**EXERCISE OBJECTIVE:** An exact copy of the data is required, with no pictures in it.

**COLLECTED MATERIAL:**
'''
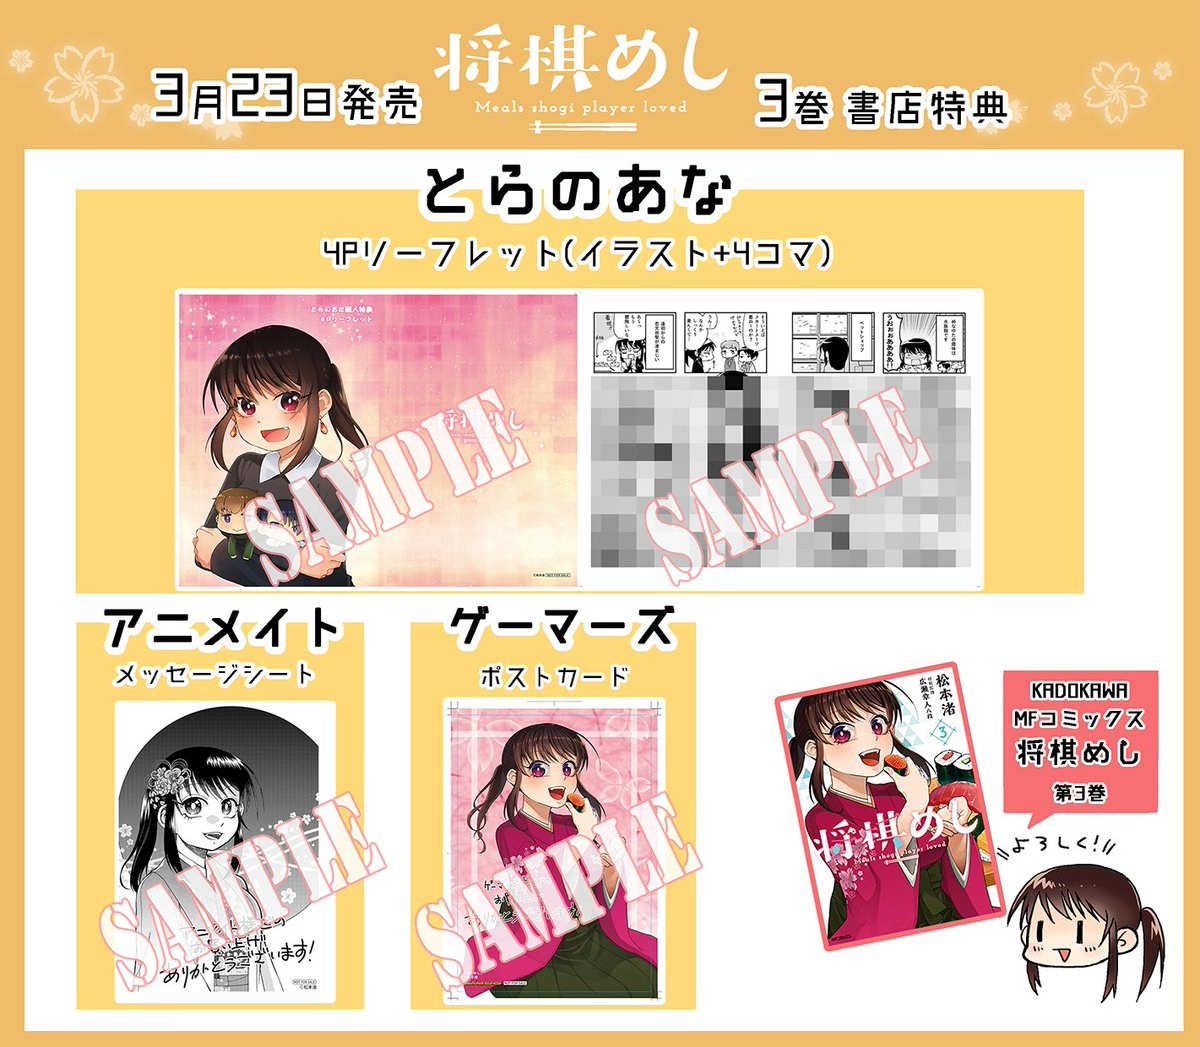 3月23日発売の「将棋めし」3巻ですが、今回も書店特典があります。よろしくおねがいします~~
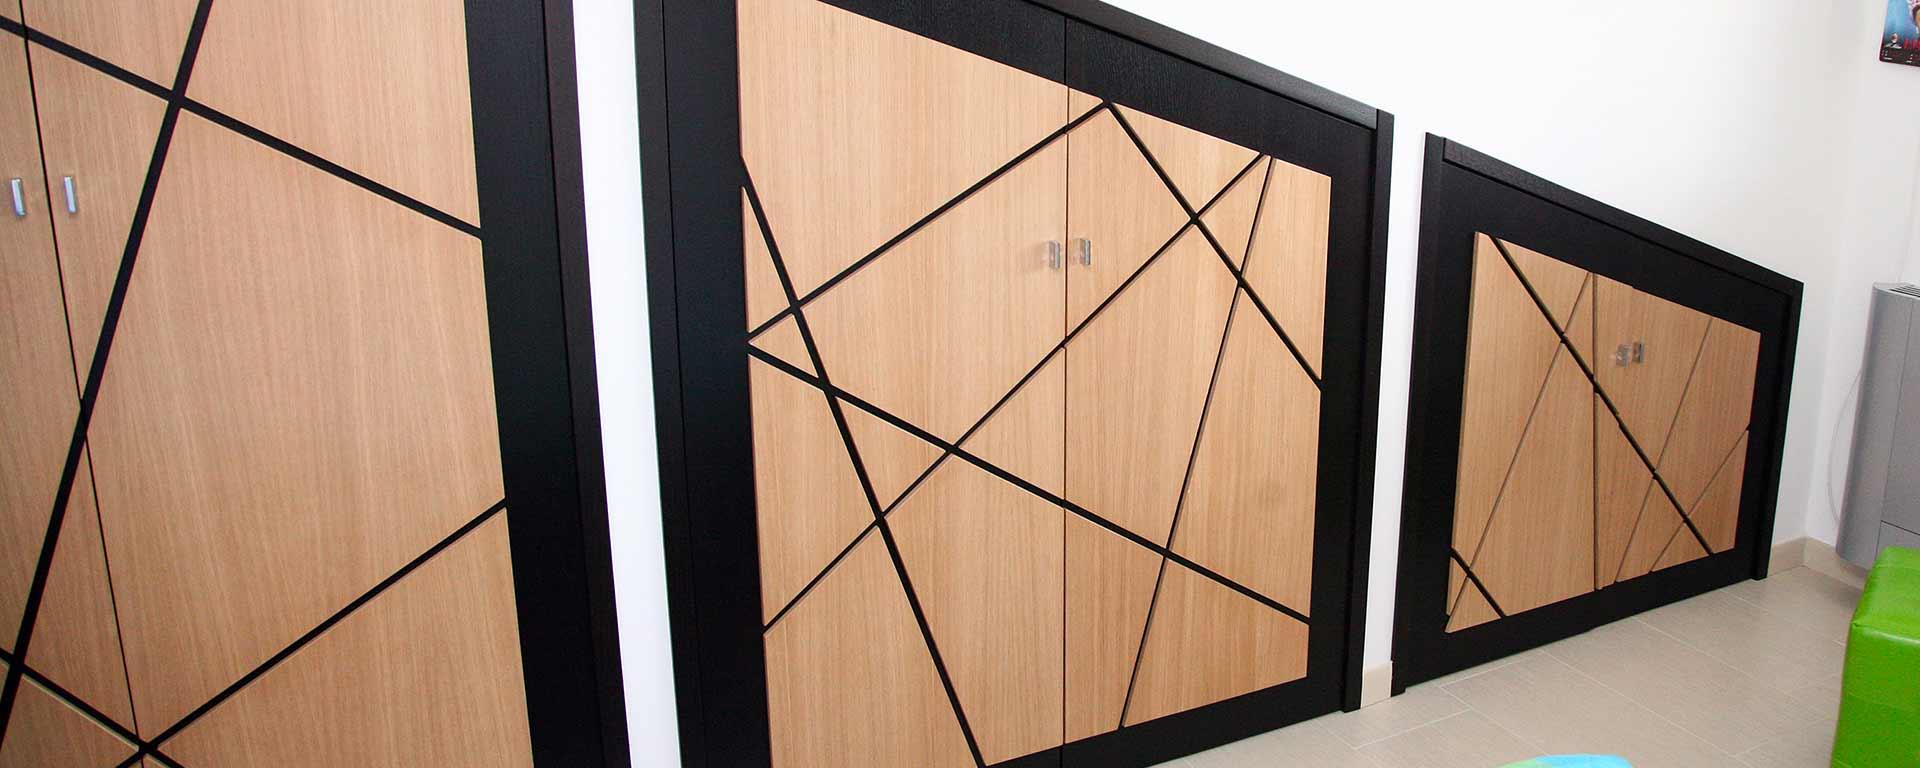 arredamenti-interni-legno-doccula-sicilia
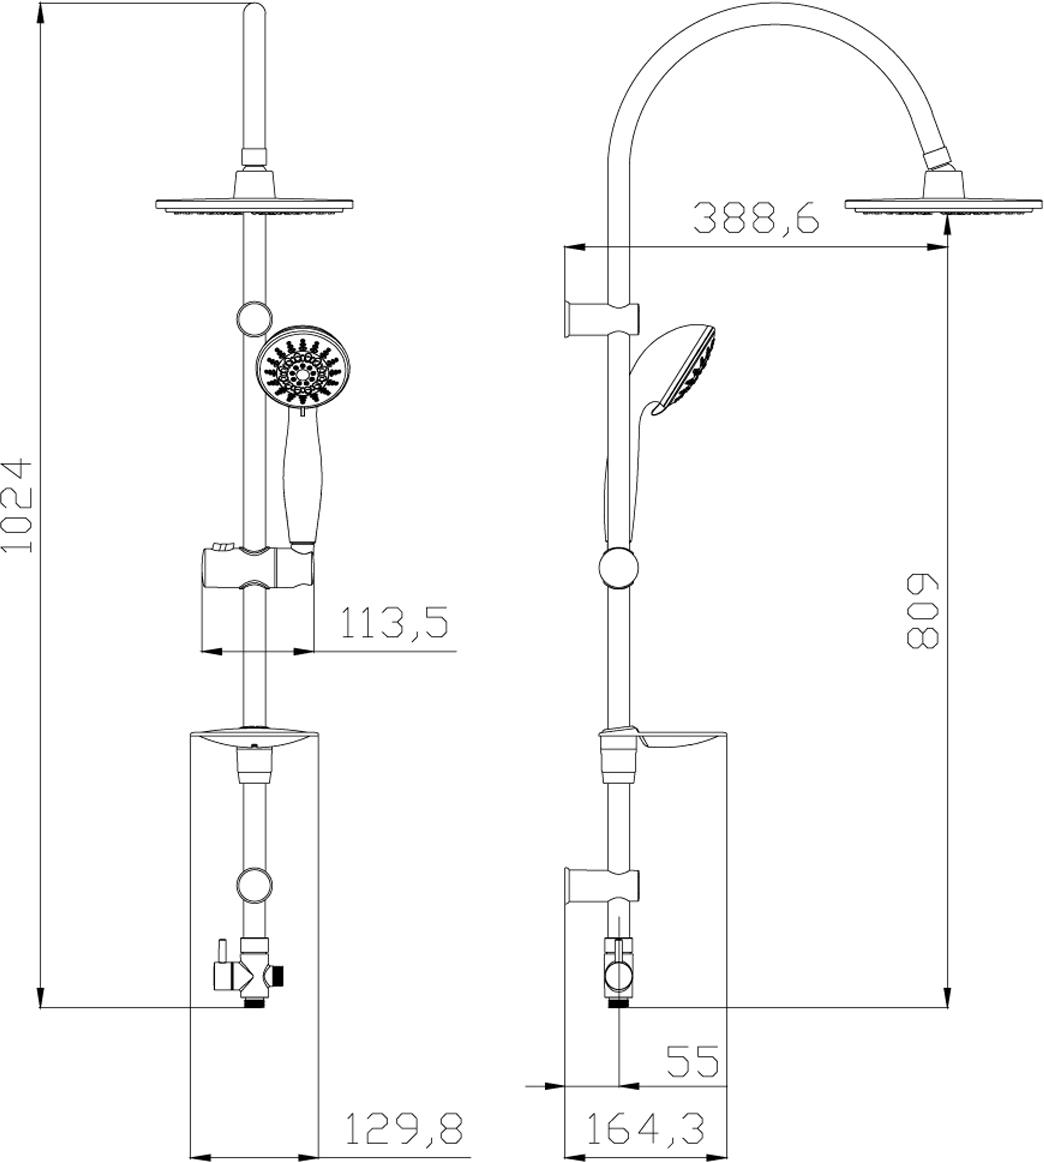 LM8801C.Душевой гарнитур с фиксированной высотой штанги и верхней душевой лейкой «Тропический дождь».Комплектация:• 5-функциональная лейка O85 мм. Режимы: распыление, массаж, брызги шампанского, эко-режим, пауза• верхняя поворотная душевая лейка «Тропический дождь» O200 мм• переключатель с керамическими пластинами• регулируемое по высоте крепление для лейки• регулируемая по высоте мыльница• душевой шланг 1,5 м (стальной, оплетка с двойным загибом)• шланг 0,8 м для подключения к смесителю (стальной, оплетка с двойным загибом)Смесители LEMARK рассчитаны на 30 лет комфортной эксплуатации.В них соединены современные технологии производства и продуманный конструктив. Установлены комплектующие от известных мировых производителей, являющихся лидерами в своих сегментах:• немецкие аэраторы Neoperl – устройства, регулирующие расход воды;• керамические картриджи и кран-буксы испанской фирмы Sedal.Вся продукция LEMARK устанавливается не только в частном секторе, но и с успехом эксплуатируется в офисах Hewlett-Packard, Walt Disney Studios Sony Pictures Releasing, Mail.ru Group, а также в новом терминале аэропорта «Толмачево» в Новосибирске.Сегодня на смесители LEMARK установлен беспрецедентный 10-летний период бесплатного сервисного обслуживания. Данное условие действует, даже если монтаж изделий производится покупателями cамостоятельно.Сервисная сеть насчитывает 90 гарантийных мастерских по России и странам СНГ.
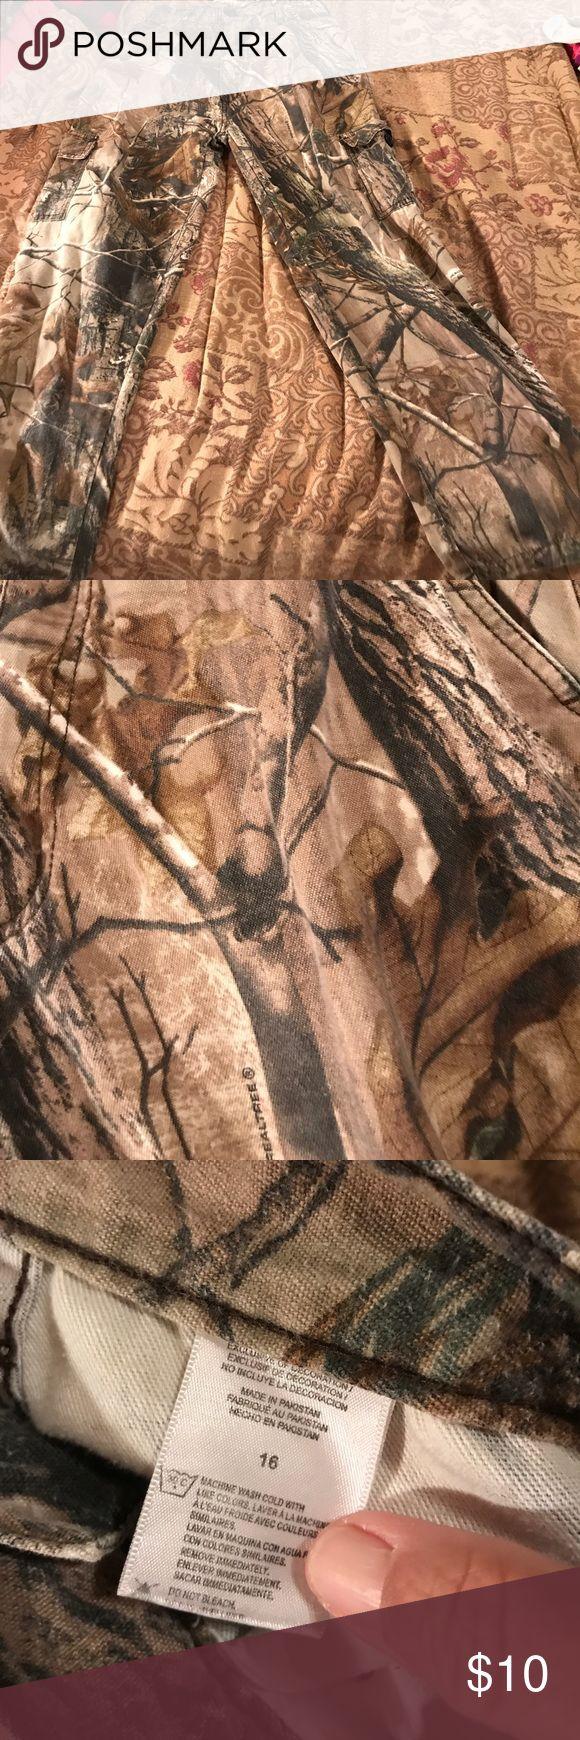 Boys Ranger Realtree pants Boys size 16 hunting pants Realtree Bottoms
'''
**EXERCISE SOLUTION:**
 3月23日発売の「将棋めし」3巻ですが、今回も書店特典があります。よろしくおねがいします~~
 arredamenti-interni-legno-doccula-sicilia
 LM8801C.Душевой гарнитур с фиксированной высотой штанги и верхней душевой лейкой «Тропический дождь».Комплектация:• 5-функциональная лейка O85 мм. Режимы: распыление, массаж, брызги шампанского, эко-режим, пауза• верхняя поворотная душевая лейка «Тропический дождь» O200 мм• переключатель с керамическими пластинами• регулируемое по высоте крепление для лейки• регулируемая по высоте мыльница• душевой шланг 1,5 м (стальной, оплетка с двойным загибом)• шланг 0,8 м для подключения к смесителю (стальной, оплетка с двойным загибом)Смесители LEMARK рассчитаны на 30 лет комфортной эксплуатации.В них соединены современные технологии производства и продуманный конструктив. Установлены комплектующие от известных мировых производителей, являющихся лидерами в своих сегментах:• немецкие аэраторы Neoperl – устройства, регулирующие расход воды;• керамические картриджи и кран-буксы испанской фирмы Sedal.Вся продукция LEMARK устанавливается не только в частном секторе, но и с успехом эксплуатируется в офисах Hewlett-Packard, Walt Disney Studios Sony Pictures Releasing, Mail.ru Group, а также в новом терминале аэропорта «Толмачево» в Новосибирске.Сегодня на смесители LEMARK установлен беспрецедентный 10-летний период бесплатного сервисного обслуживания. Данное условие действует, даже если монтаж изделий производится покупателями cамостоятельно.Сервисная сеть насчитывает 90 гарантийных мастерских по России и странам СНГ.
 Boys Ranger Realtree pants Boys size 16 hunting pants Realtree Bottoms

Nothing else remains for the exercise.